# A YouTube Recommendation



## Dave Martell (Mar 25, 2013)

I clicked on YouTube's homepage and this was waiting there as a recommended video for me to check out. Guess I'm being profiled? Well guilty as charged here YT - I likes me some Hendrix! 

Anyway, I thought this was excellent and wanted to share it...

[video=youtube;NfOHjeI-Bns]http://www.youtube.com/watch?v=NfOHjeI-Bns[/video]


----------



## Chefdog (Mar 25, 2013)

Pretty awesome. Thanks.


----------



## Seth (Mar 25, 2013)

Sounds good; looks good; but she is just not Hendrix


----------



## bathonuk (Mar 25, 2013)

awesome Dave


----------



## ecchef (Mar 25, 2013)

I love this kind of out-of-the-box stuff.


----------



## HHH Knives (Mar 25, 2013)

KICK A$$!!!!!!


----------



## KCMande (Mar 25, 2013)

Definitely is excellent, thanks for sharing


----------



## unkajonet (Mar 25, 2013)

That was ridiculously amazing


----------



## Johnny.B.Good (Mar 26, 2013)

I don't know what she's playing there, but it's damn impressive!


----------



## Justin0505 (Mar 26, 2013)

That was great.
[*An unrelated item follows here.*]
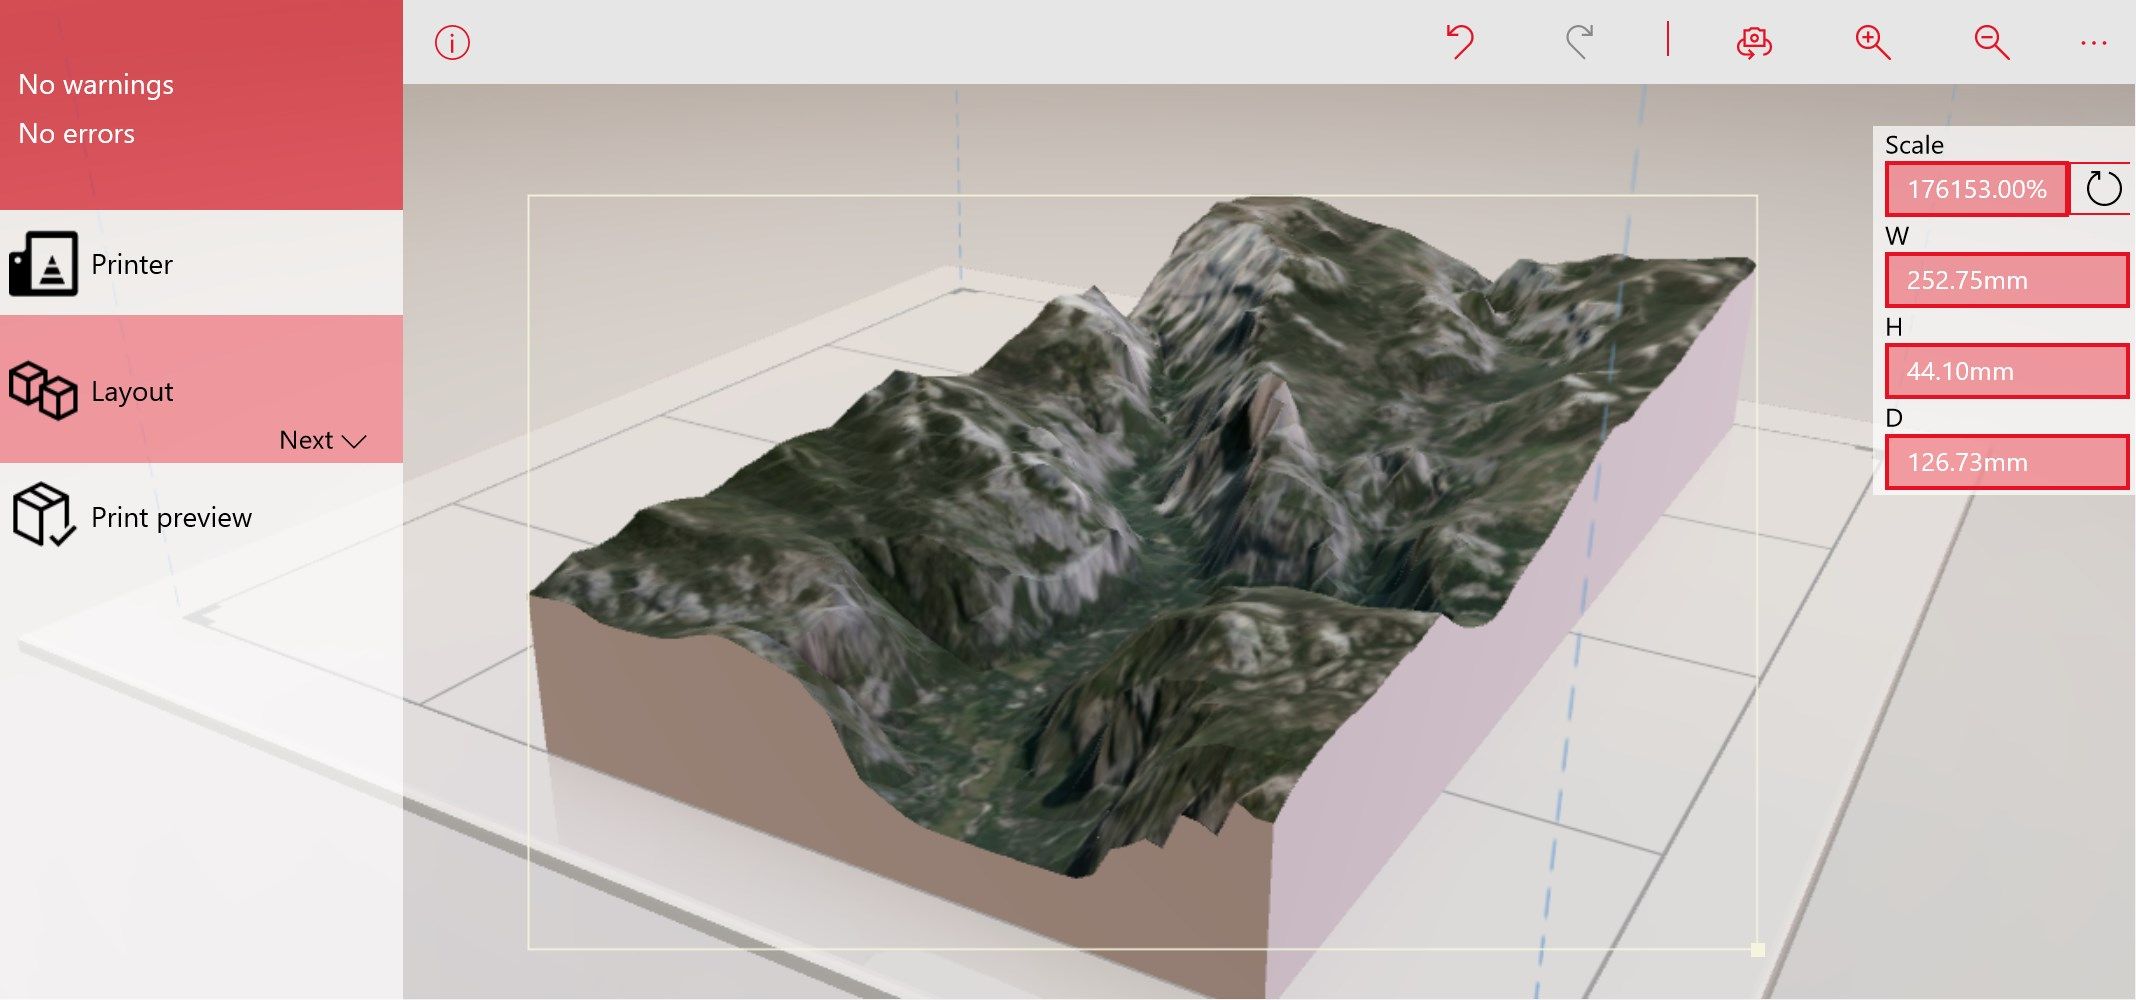 Try different image types: road, aerial, terrain, or aerial 3D.

Now I know what to use for background music in my Martell knife video.


----------



## maxim (Mar 26, 2013)

Very cool vid Dave  


how about this young guy 

[video=youtube;_ZoNar7rgK4]http://www.youtube.com/watch?v=_ZoNar7rgK4[/video]


----------



## Drumjockey (Mar 30, 2013)

That is awesome, she gets into it in the heavy parts too! recommended this to a couple guitarists I know and they were pretty impressed, said she's really good


----------



## Bill13 (Apr 15, 2013)

Doubled up, sorry!


----------



## Bill13 (Apr 15, 2013)

Reminded me of PDQ Bach from the 80's.


----------